RISKS-LIST: Risks-Forum Digest  Wednesday 9 October 2013  Volume 27 : Issue 52

ACM FORUM ON RISKS TO THE PUBLIC IN COMPUTERS AND RELATED SYSTEMS (comp.risks)
Peter G. Neumann, moderator, chmn ACM Committee on Computers and Public Policy

***** See last item for further information, disclaimers, caveats, etc. *****
This issue is archived at <http://www.risks.org> as
  <http://catless.ncl.ac.uk/Risks/27.52.html>
The current issue can be found at
  <http://www.csl.sri.com/users/risko/risks.txt>

  Contents:
Let's Build a More Secure Internet (Eli Dourado via Matthew Kruk)
CMU Researchers Claim To Have Created Messaging App Even NSA Can't Crack
  (Geoff Goodfellow)
NSA data center 'meltdowns' force year-long delay (James Niccolai via
  Paul Saffo)
Hundreds of US companies make false Data Protection claims (Nikolaj Nielsen
  via Peter Houppermans)
Re: Lowering Your Standards: DRM and the Future of the W3C (Jeff Jonas)
Abridged info on RISKS (comp.risks)

----------------------------------------------------------------------

Date: Wed, 9 Oct 2013 01:29:42 -0600
From: "Matthew Kruk" <mkrukg () gmail com>
Subject: Let's Build a More Secure Internet (Eli Dourado)

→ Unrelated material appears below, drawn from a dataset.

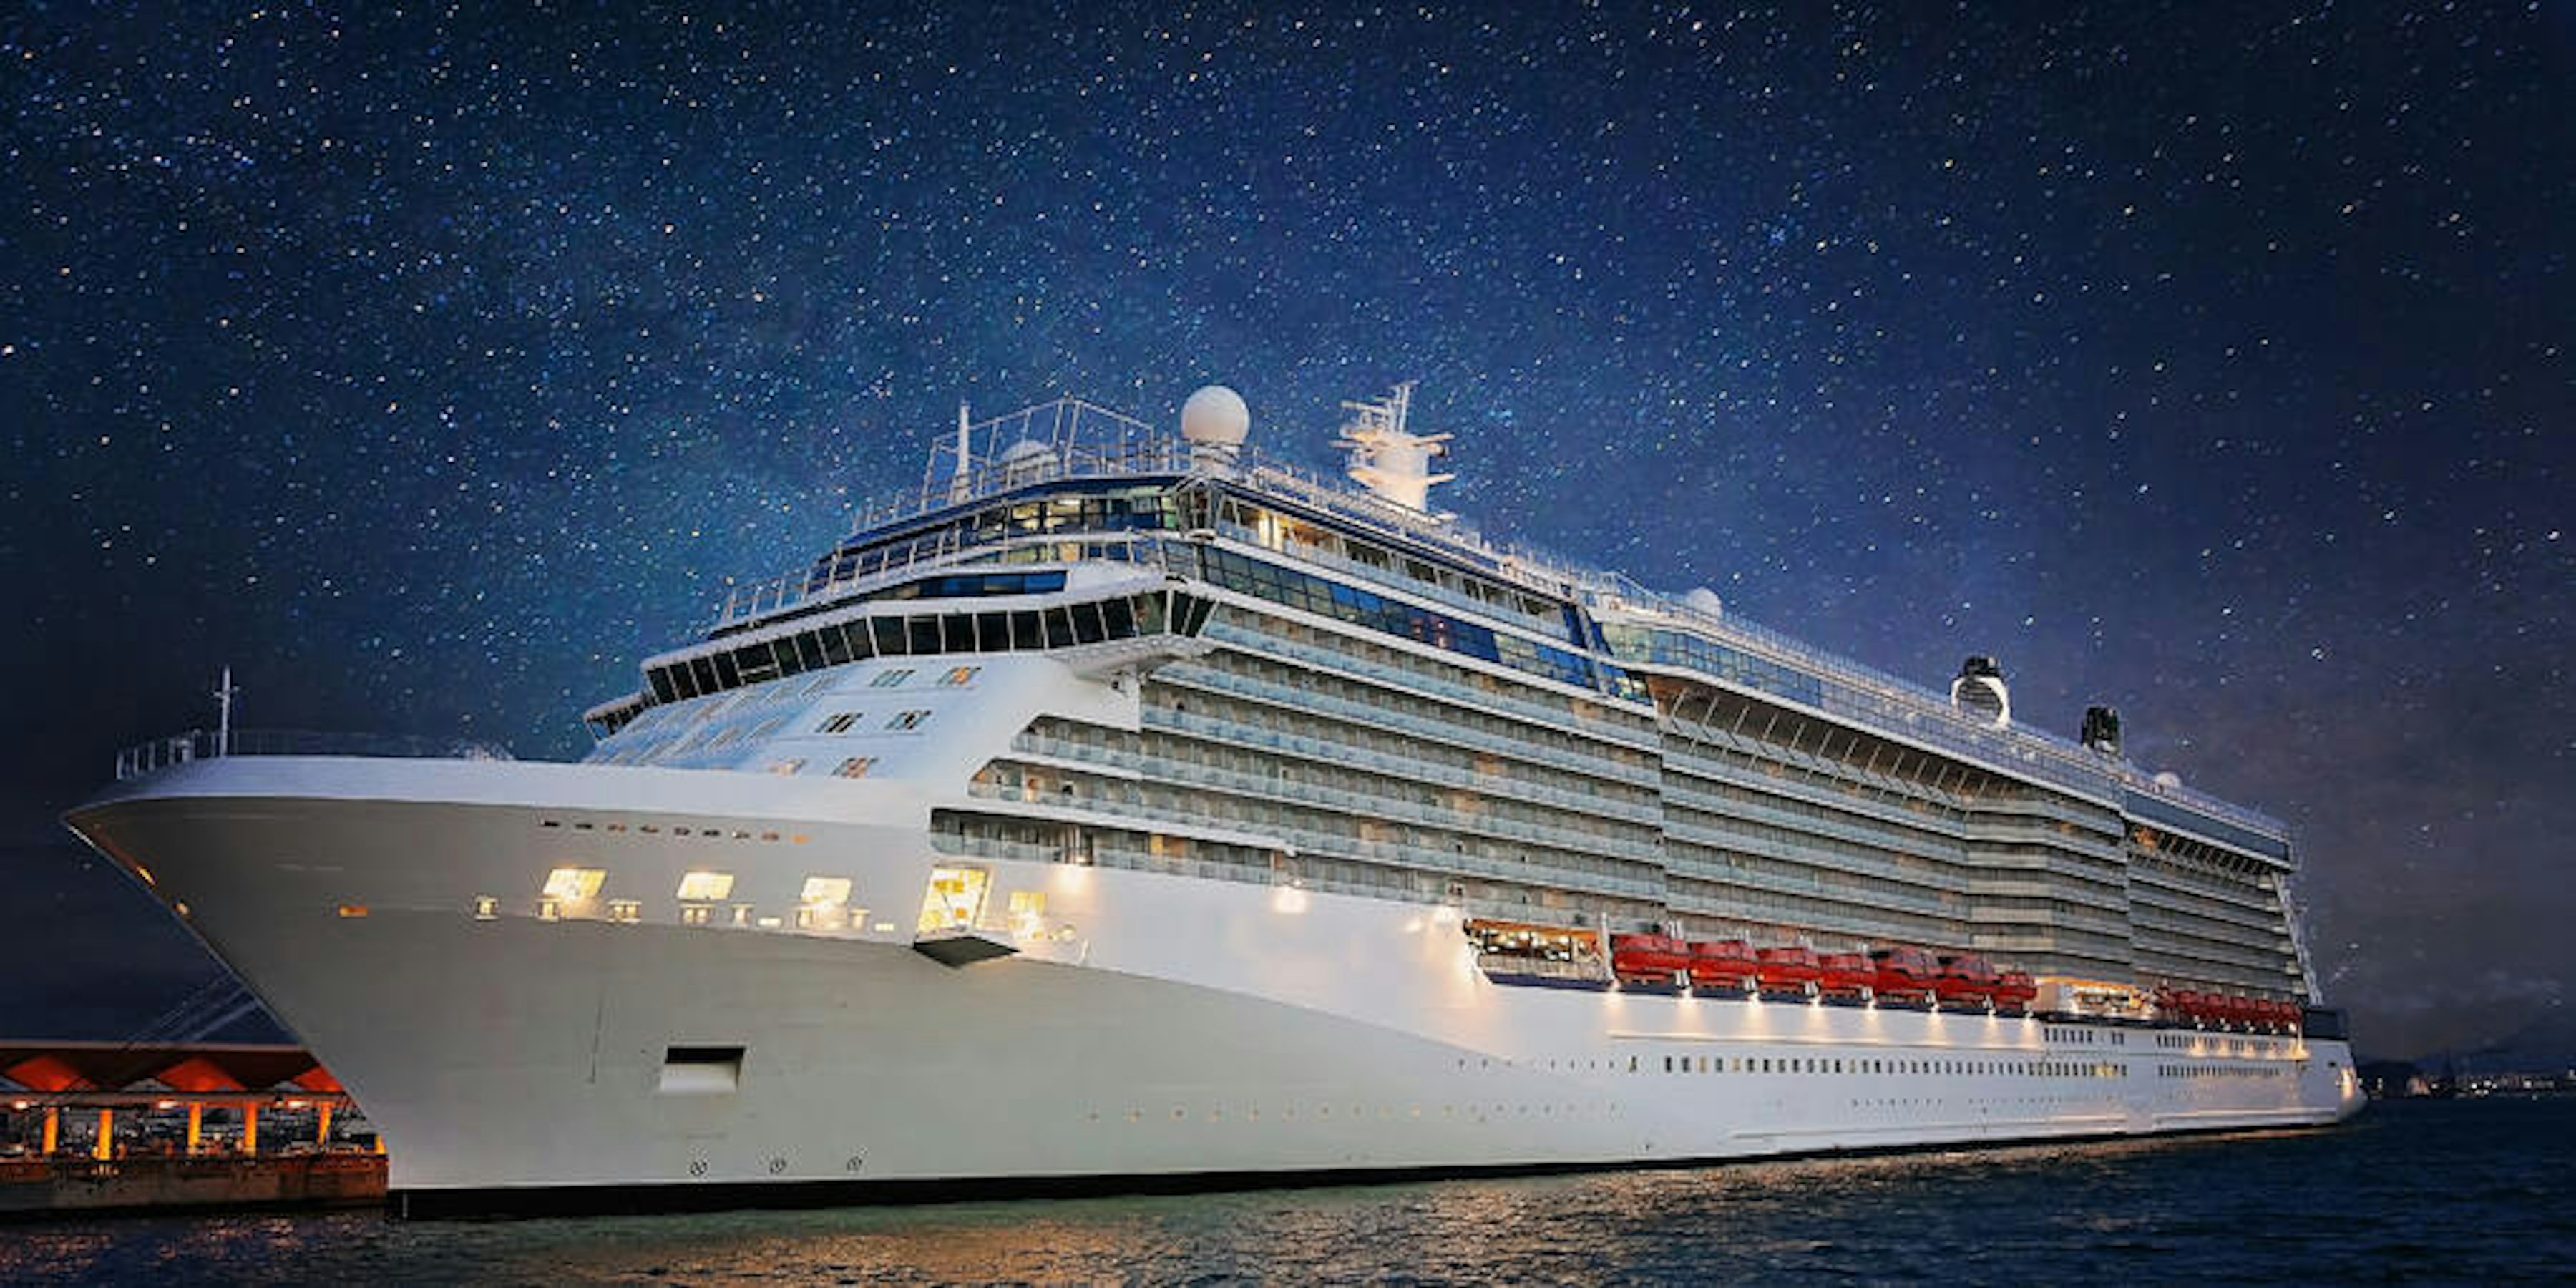 stargazing from a cruise ship

Eli Dourado, *The New York Times*, 8 Oct 2013
Can we ever trust the Internet again?
http://www.nytimes.com/2013/10/09/opinion/lets-build-a-more-secure-internet.html?nl=todaysheadlines&emc=edit_th_20131009

In the wake of the disclosures about the National Security Agency's
surveillance programs, considerable attention has been focused on the
agency's collaboration with companies like Microsoft, Apple and Google,
which according to leaked documents appear to have programmed "back door"
encryption weaknesses into popular consumer products and services like
Hotmail, iPhones and Android phones.

But while such vulnerabilities are worrisome, equally important - and
because of their technical nature, far less widely understood - are the
weaknesses that the N.S.A. seems to have built into the very infrastructure
of the Internet. The agency's "upstream collection" capabilities, programs
with names like Fairview and Blarney, monitor Internet traffic as it passes
through the guts of the system: the cables and routers and switches.

The concern is that even if consumer software companies like Microsoft and
telecommunications companies like AT&T and Verizon stop cooperating with the
N.S.A., your online security will remain compromised as long as the agency
can still take advantage of weaknesses in the Internet itself.

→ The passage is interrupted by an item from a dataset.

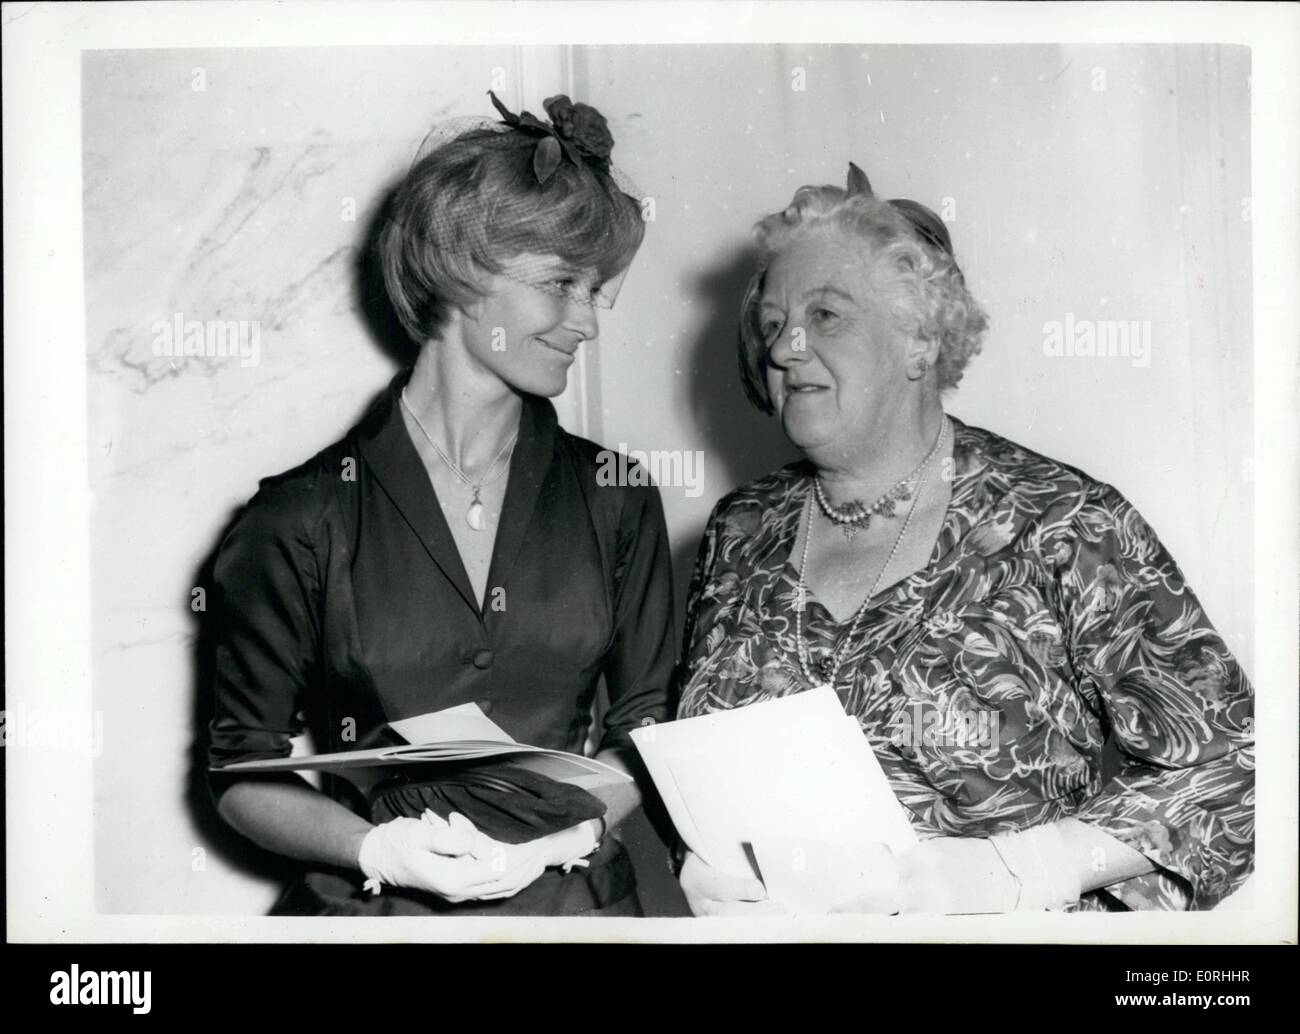 Sep. 09, 1959 - Women of the Year Luncheon, in aid of the Greater London Fund for the Blind (incorporating United Appeal for the Blind)., was held today at the Savoy Hotel. Photo shows Miss Margaret Rutherford and Miss Virginia Mokenna - two films stars, chat together at the Luncheon. Stock Photo

Fortunately, there is something we can do: encourage the development of an
"open hardware" movement - an extension of the open-source movement that has
led to software products like the Mozilla browser and the Linux operating
system.

The open-source movement champions an approach to product development in
which there is universal access to a blueprint, as well as universal ability
to modify and redistribute the blueprint. Wikipedia is perhaps the
best-known example of a product inspired by the movement. Open-source
advocates typically emphasize two kinds of freedom that their products
afford: they are available free of charge, and they can be used and
manipulated free of restrictions.

But there is a third kind of freedom inherent in open-source systems: the
freedom to audit. With open-source software, independent security experts
can scrutinize the code for vulnerabilities - whether accidentally or
intentionally introduced. The more auditing by the programming masses, the
better the security. As the open-source software advocate Eric S. Raymond
has put it, "given enough eyeballs, all bugs are shallow."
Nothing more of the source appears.